Медный тазик. Номинация

   Шторм усилился. Пришлось прекратить промысел. Наконец-то можно заняться личной жизнью: Написать письмо, постирать шмотки, побриться. Можно конечно обмотать робу фалом, привесить что нибудь тяжёлое и опустить за борт на пару часов (старый морской способ стирки), на ходу так выполощет - почище любого порошка... Так ведь нет! Дитя цивилизации - попёрся в прачечную. Впрочем, " прачечная " - слишком громко сказано: помещение два на два, почти напротив входа в МКО (машинно-котельное отделение), в котором и было только - пара тазиков да две стиральных машины - ручная и одичавшая. Первая - это доска с оцинкованной поверхностью, выполненной в форме слегка взволнованного моря. Вторая стояла на более высокой ступени эволюции и таила в своих недрах вместо сердца - пламенный мотор. Правда, в коктейле её хромосом был один генетический изъян - не работала пусковая обмотка этого самого электромотора. И чтобы её запустить, необходимо было перегнувшись через сам агрегат, просунуть руку в её интимное место и крутануть шкив ротора. Причём, сделать это нужно было сразу после включения таймера - пока не задымилась обмотка статора. Фактически - она заводилась с толкача!

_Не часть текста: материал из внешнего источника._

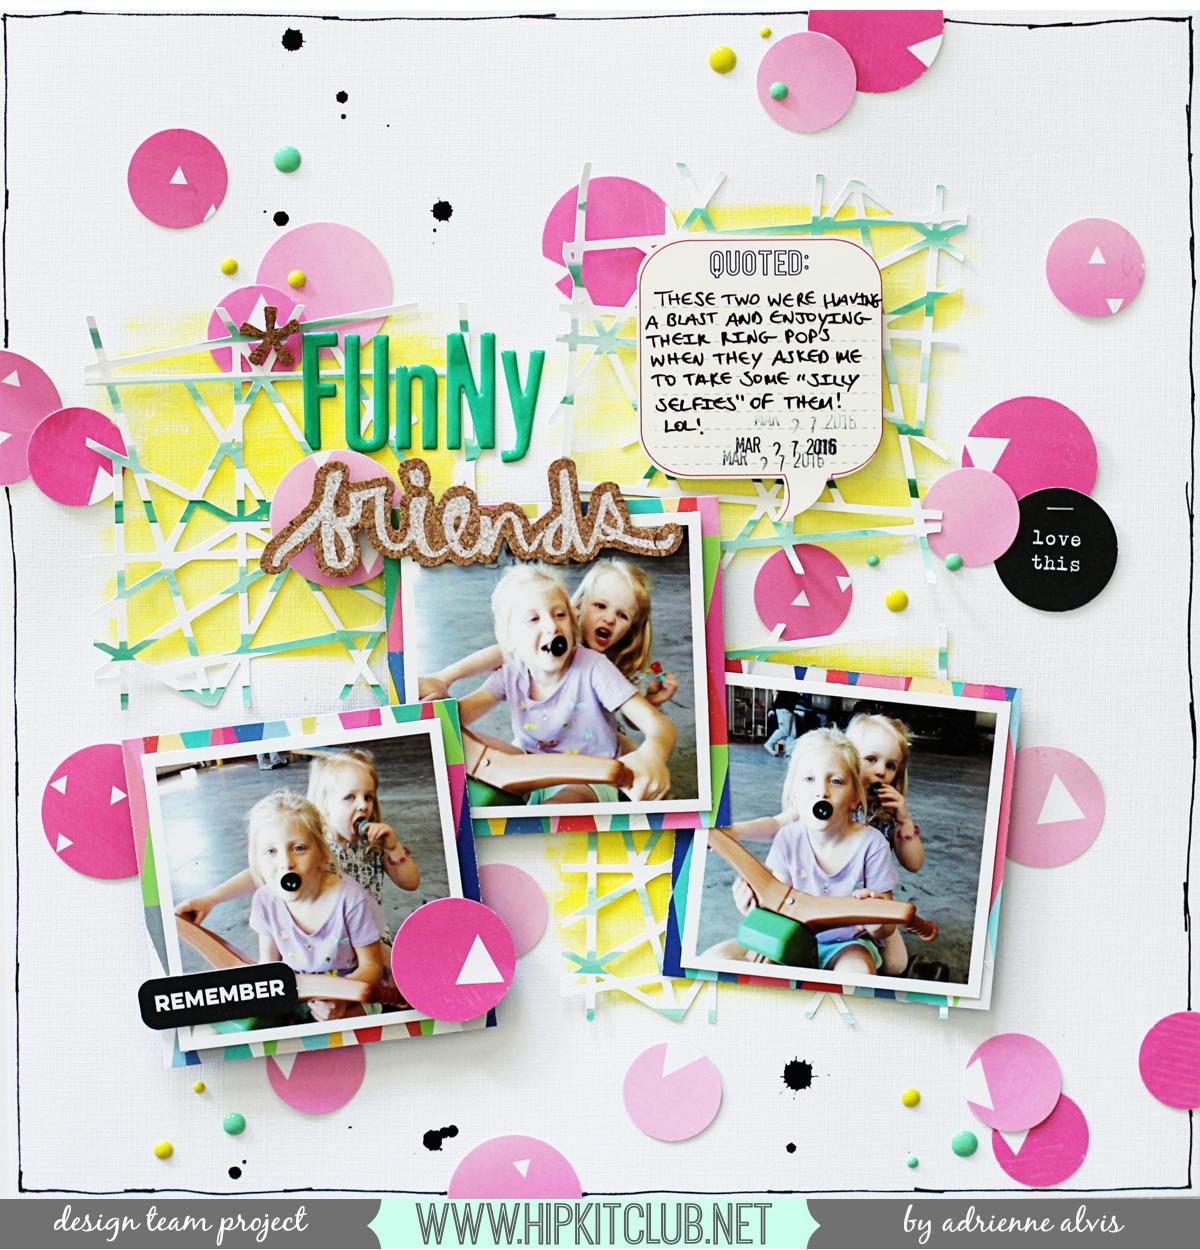 funnyfriends1

   И вот значит я - весь такой побритый - загружаю вещи в чрево этой капризной чистоплюйки, сыплю порошок, заливаю тазиком холодной воды, следом набираю тазик крутого бурлящего кипятка, идущего прямотоком из котельного отделения, ставлю его на палубу и лезу запускать агрегат. Напомню - штормит - баллов шесть-семь. Как меня так качнуло?! Наступаю в аккурат на самый край таза, мгновенно выворачивая его пузырящееся содержимое себе на правую ногу. Я орал так, что пьяный старпом на ходовом мостике упал с дивана, а из МКО выскочила вся машинная команда напуганная воплями перекрывавшими грохот Главного Двигателя. Весь остальной экипаж замер в оцепенении. Я, тем временем наблюдал, как варено-красного цвета кожа на ноге вздувается огромными жёлтыми пузырями. Страха не было, но от нестерпимо-невыносимой боли я выл и из глаз текли слёзы.
 
   Меня подхватили подруки двое ребят, прибежавших на крик и скачущего на одной ноге довели до каюты. Ни лазарета, ни доктора на борту не имелось ввиду малоразмерности судна. В связи с чем мне довелось испытать все прелести корабельной народной медицины. Первым, надо отдать должное, примчался Стармех с банкой дёгтя и стал обильно намазывать его на поражённый участок. Оно, может и целебно, да только боль не стихала. Прибежавший следом Консервный мастер со словами: " Развели здесь солидол! Задницу себе от геморроя этой дрянью мажте. " и " Нет ничего лучше рыбьего жира..." - вытер марлей дёготь и обильно облил повреждённую ступню янтарно-вонючей жидкостью. Результат тот же - жгло нестерпимо. Совершенно не надеясь на реальную помощь я даже закурил, хотя уже пару месяцев как бросил. Спасение явилось в лице Кока с кастрюлькой чищеной картошки. Тщательно вытерев следы предыдущих эскулапов, он обложил обожжённую кожу круглыми сырыми дольками и... - О чудо! - боль утихла.
 
   Вспоминая детали этой истории сейчас, спустя четверть века, я обнаружил одну нестыковку. Наш Кок - по национальности был казах и готовил он соответственно - пловы, шурпы и прочую чахохбильщину, а вот картошку мы не видели даже в ухе. Где он её взял, да ещё целую кастрюльку чищеной?...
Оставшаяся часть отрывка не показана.